Who can participate: Male participants between 12 and 65 years old with severe Haemophilia A or moderately severe to severe Haemophilia B can join. For those with Haemophilia B, they must not have a high titer inhibitor (5 or more Bethesda Units per milliliter). Participants should either be part of a prophylaxis program or have experienced at least 6 bleeding episodes requiring treatment in the past 6 months if on an on-demand treatment plan. They must have at least 12 to 24 weeks of recorded bleeding episodes from a previous study or be willing to complete an observation period. No bleeding should occur in the 7 days before starting the study. Adequate blood, liver, and kidney function is required, along with a D-dimer level of 750 micrograms per liter or less.
Who cannot participate: Patients without moderately severe to severe hemophilia B, females, and those who are part of vulnerable populations such as children, elderly, or those with certain disabilities may not be eligible.
What the study involves: After an initial assessment to confirm eligibility, participants will undergo an observation period lasting at least 12 to 24 weeks to document baseline bleeding episodes. They will then receive SerpinPC as a subcutaneous injection, with dosage and frequency determined by the study protocol. Throughout the study, health and response to the medication will be closely monitored through regular check-ups. The study will track the number of treated bleeds, spontaneous bleeds, joint bleeds, and overall consumption of coagulation factors. The trial is expected to continue until July 2026.
Treatment being tested: SerpinPC works by inhibiting a specific protein in the blood that normally slows down clotting, thereby promoting better blood clot formation and preventing bleeding episodes. The goal is to help patients experience fewer bleeding problems and improve their quality of life.
Summary
The three ongoing clinical trials for Haemophilia A without inhibitors are being conducted across multiple European countries, with Germany, Italy, and Spain participating in all three studies. This suggests these countries have established research infrastructure for hemophilia treatment research.
Two of the three trials focus on emicizumab, targeting different age groups: infants from birth to 12 months and adolescents and adults aged 13 to 69 years.
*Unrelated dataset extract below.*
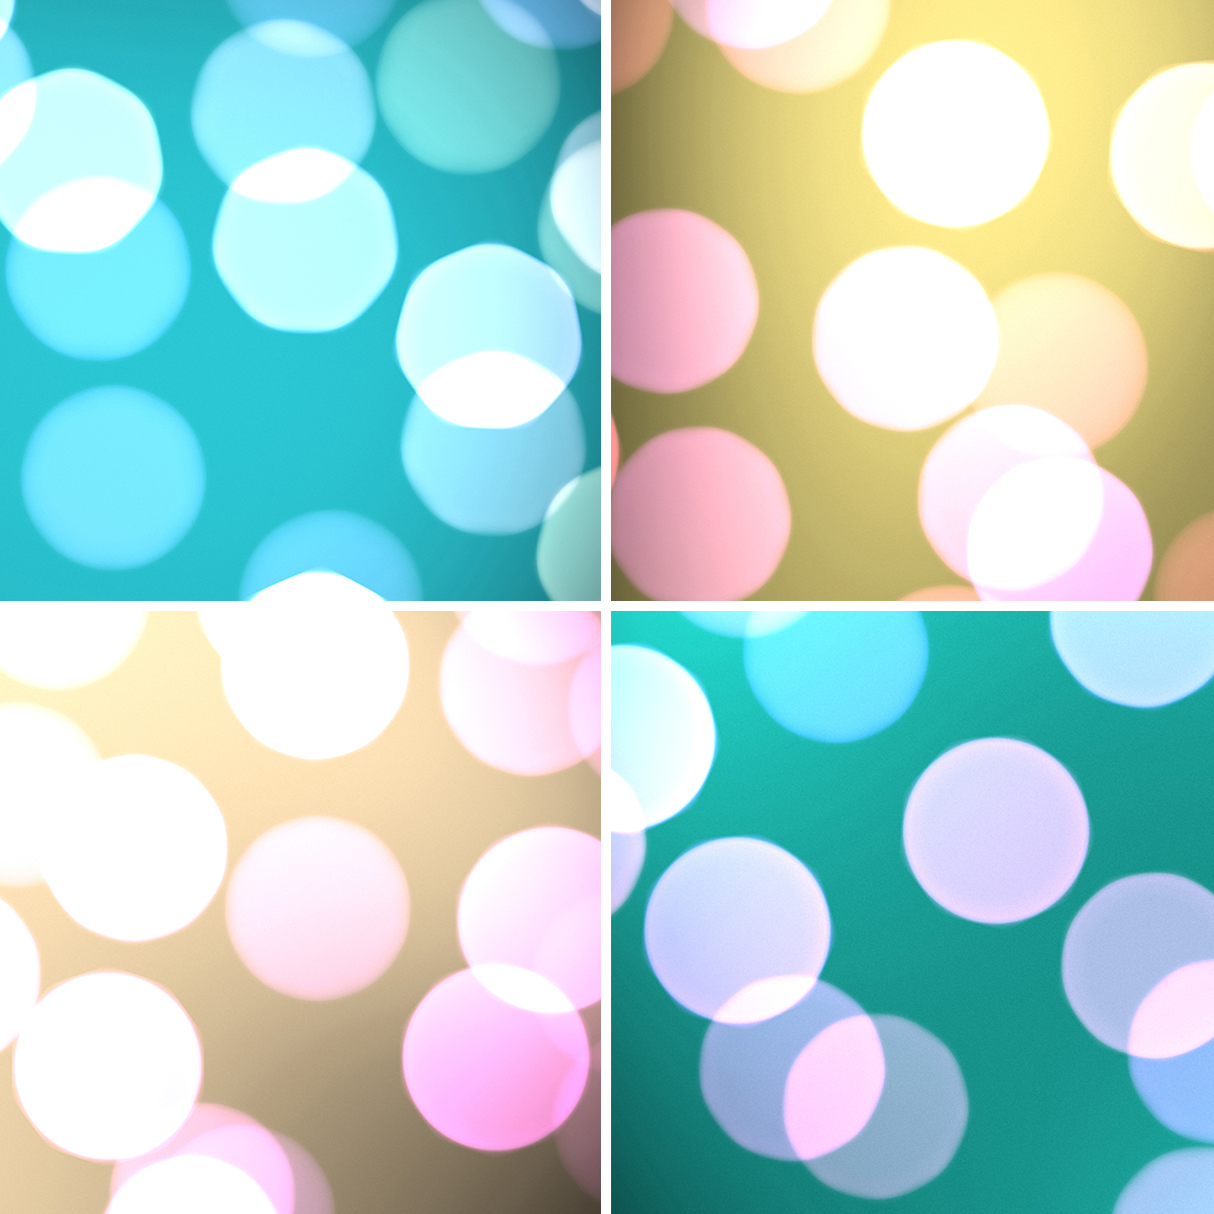 50 Bokeh Pro Backgrounds Samples Preview – Part 11

This demonstrates comprehensive research efforts to evaluate this medication across the lifespan. The third trial introduces a different approach by testing SerpinPC, offering a potential alternative treatment option for patients with severe forms of the condition.
All three studies share a common goal of reducing bleeding episodes and improving quality of life through preventive treatment given as subcutaneous injections. They employ comprehensive monitoring approaches, including assessment of joint health, physical activity levels, and safety profiles. The long-term nature of these studies, with some extending up to seven years of follow-up, reflects the commitment to understanding the sustained effects and safety of these treatments in managing this chronic condition.